Brother, Can You Spare A Loanword For My Blog?

Loanwords are words adopted by speakers of one language from a different language.  There are many, many foreign words and phrases used in English, and often these have become so familiar that people use them every day without considering their foreign origin.

Some Scandinavian words that have become part of English are husband, kindle, lump, thrust, and scrub.  France gave us the words judge, noble, priest, lady, pork, and salmon, while the words tattoo and taboo each come from the Pacific islands.  From Australia we “borrowed” the words kangaroo and boomerang, while banana, banjo, and jitterbug come from Africa.

As a ghost blogger, I’m a wordsmith, and it occurs to me that the language of computers and of blogging includes many, many loanwords of its own.  These words come not from foreign languages, but from everyday English words given a slightly different meaning for Internet and computer use. When I compose my blog (“web log”), I navigate using my “desktop”. My information might be protected with a “firewall” against “viruses”.  When I look at a website, it might have “wallpaper”.  I “scroll” down to read the content and decide to “bookmark” it. I might email documents in a “zip file”. There’s no end to computerspeak using loanwords! 

Professor Suzanne Kemmer of Rice University explains that a loanword can also be called a borrowing. “Loan” and “borrowing”, she hastens to add, are metaphors, because there is no transfer from one language to another, and no “returning” words to the source language!

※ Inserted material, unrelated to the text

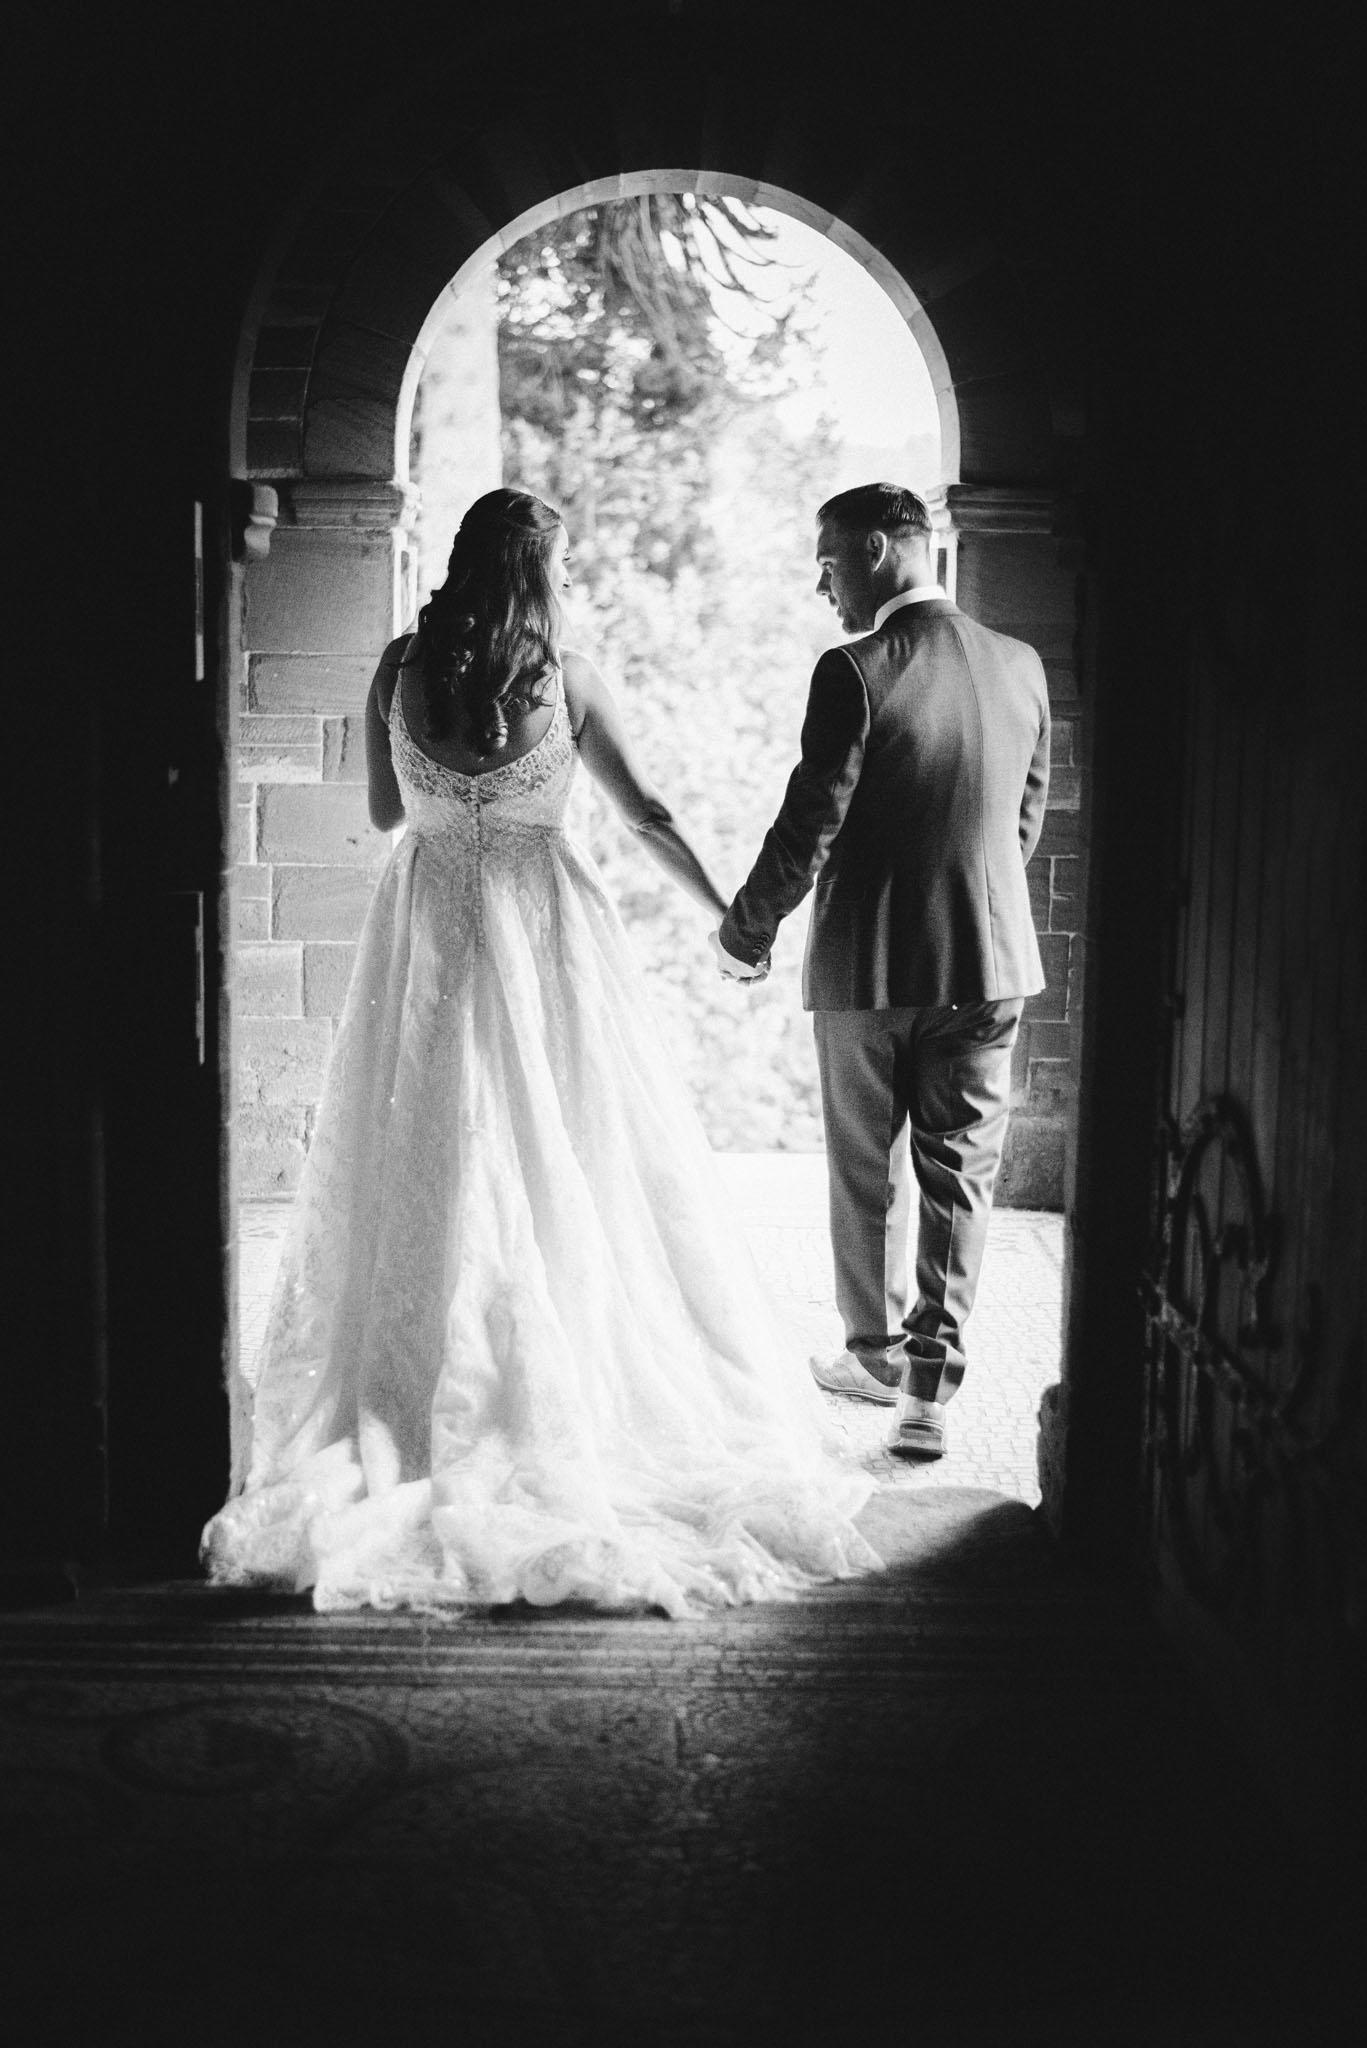 wedding-photographer-glewstone-court-hereford-scott-stockwell-photography230.jpg
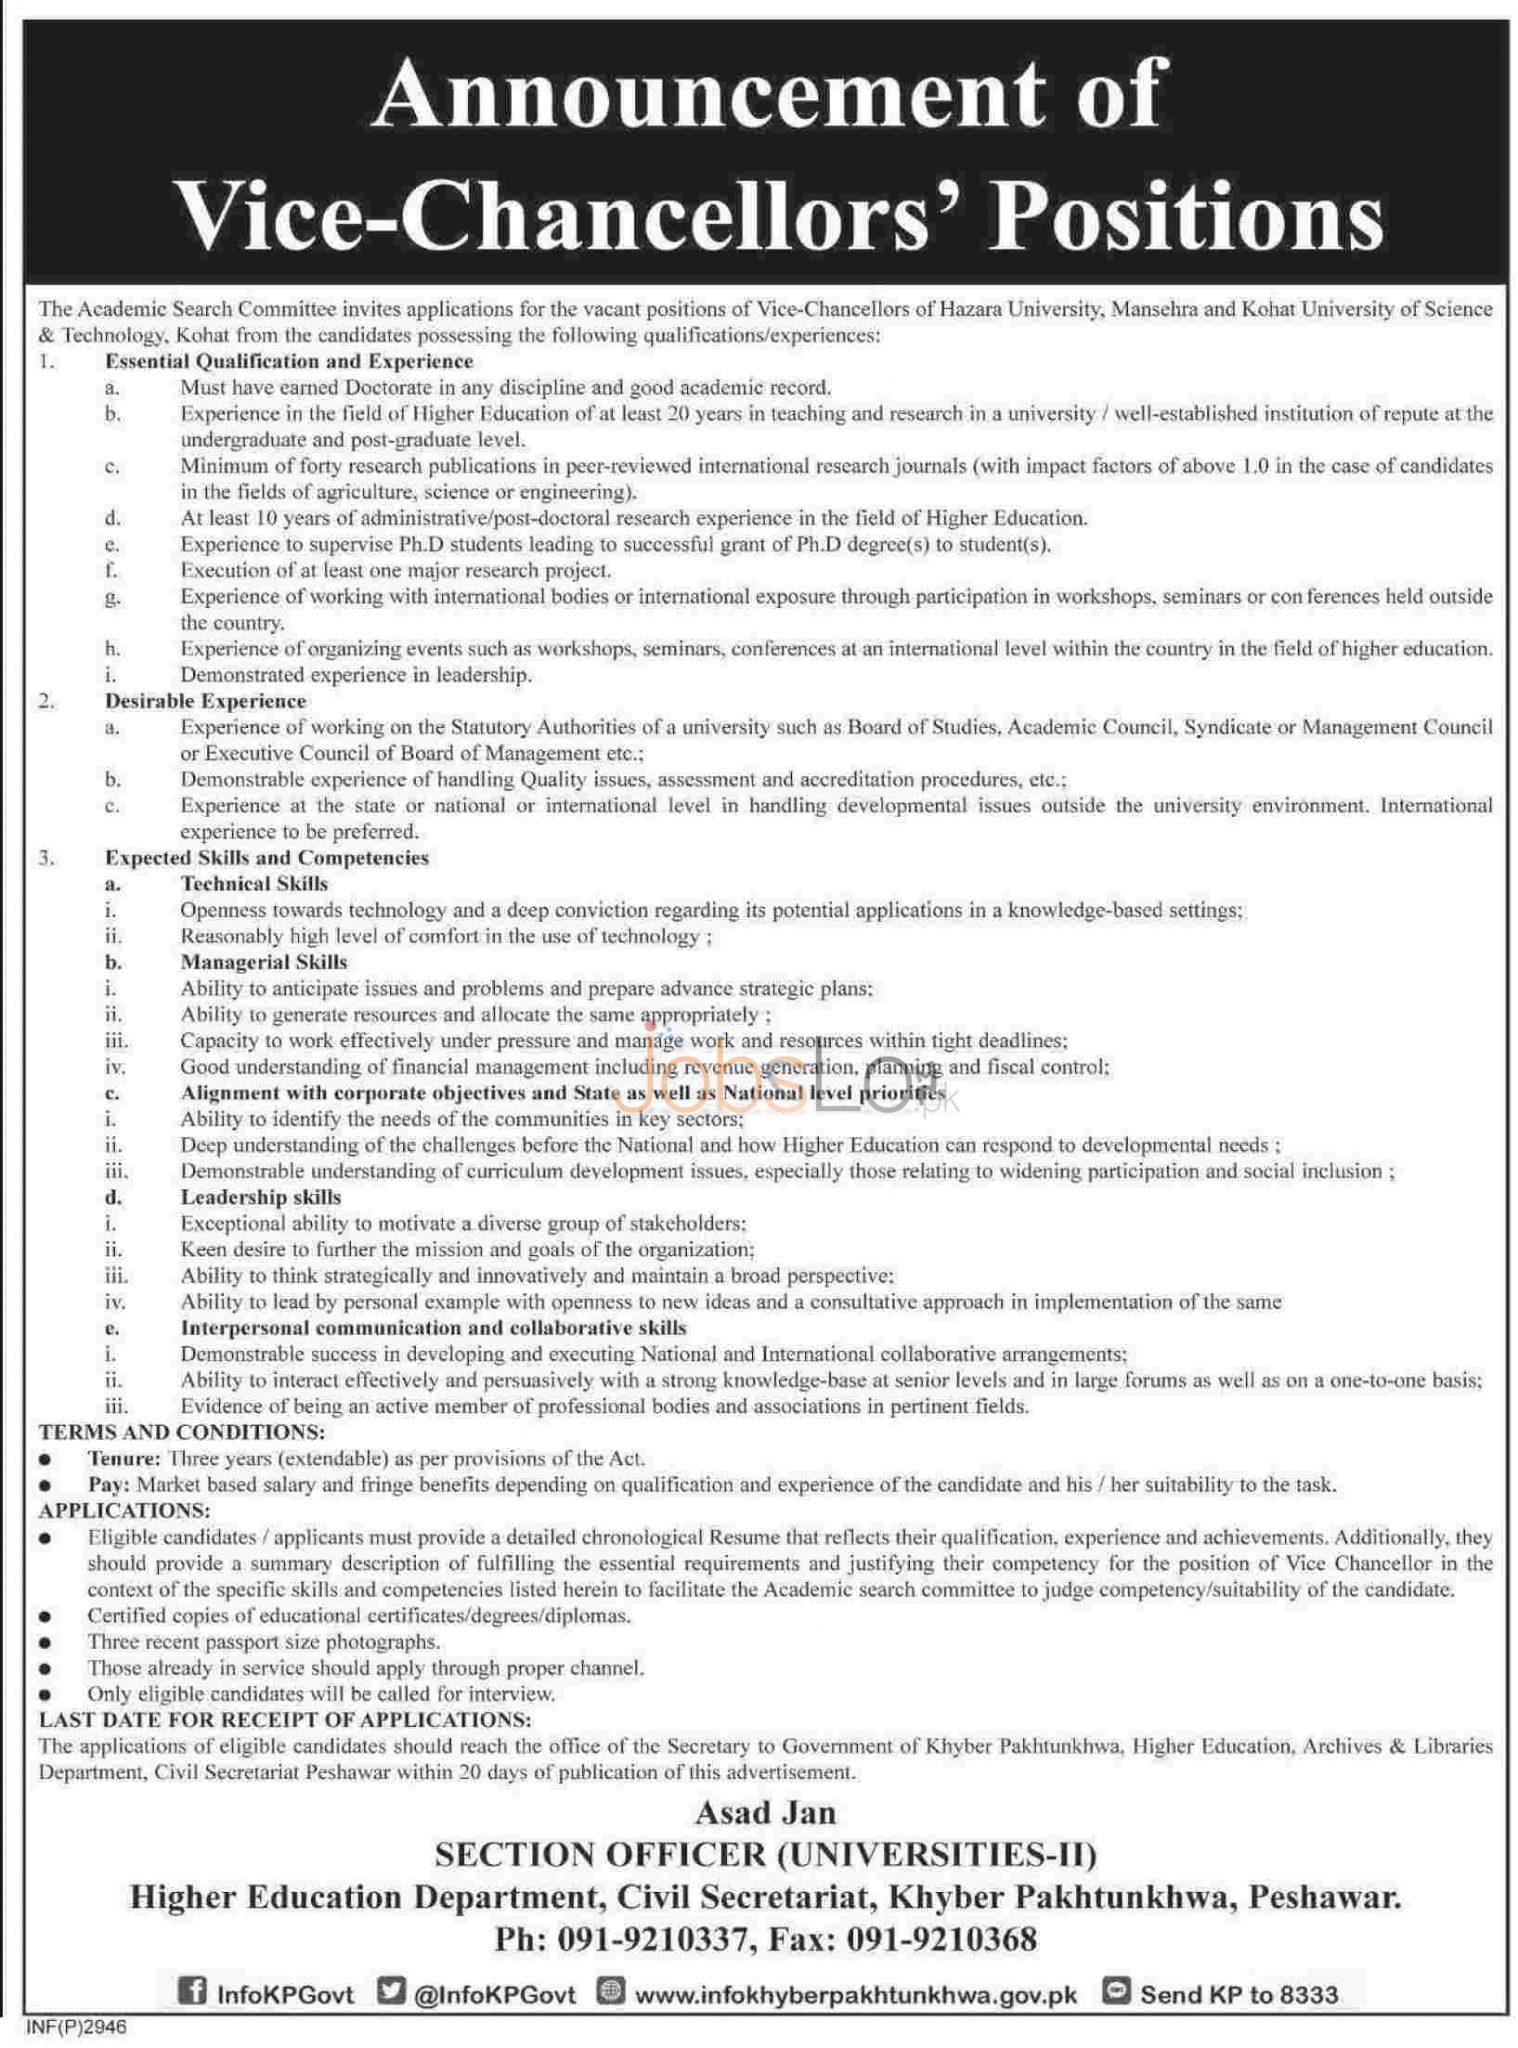 Higher Education Department KPK Jobs

With literally trillions of words being added daily to the World Wide Web, the Internet has become the largest repository of information in human history. Blogging activity has become a rapidly growing part of this information swell, and (inadvertently or on purpose) there’s undoubtedly a lot of “borrowing” going on. My college students are taught to avoid plagiarism by properly attributing statements to their proper authors. 
The blogging equivalent of citations is links.  Even if you’re putting a unique twist on a topic, it’s good practice to link to websites from which you got the original news or idea (the link in the first paragraph of this blog post is an example of that).

Not only is the practice of attributing “loans” to their sources, as Alfred P. Doolittle of My Fair Lady might say, “the right and proper thing to do, there are actually rewards to be gained. Electronic links enhance search engine rankings for your blog by creating back-and-forth online "traffic".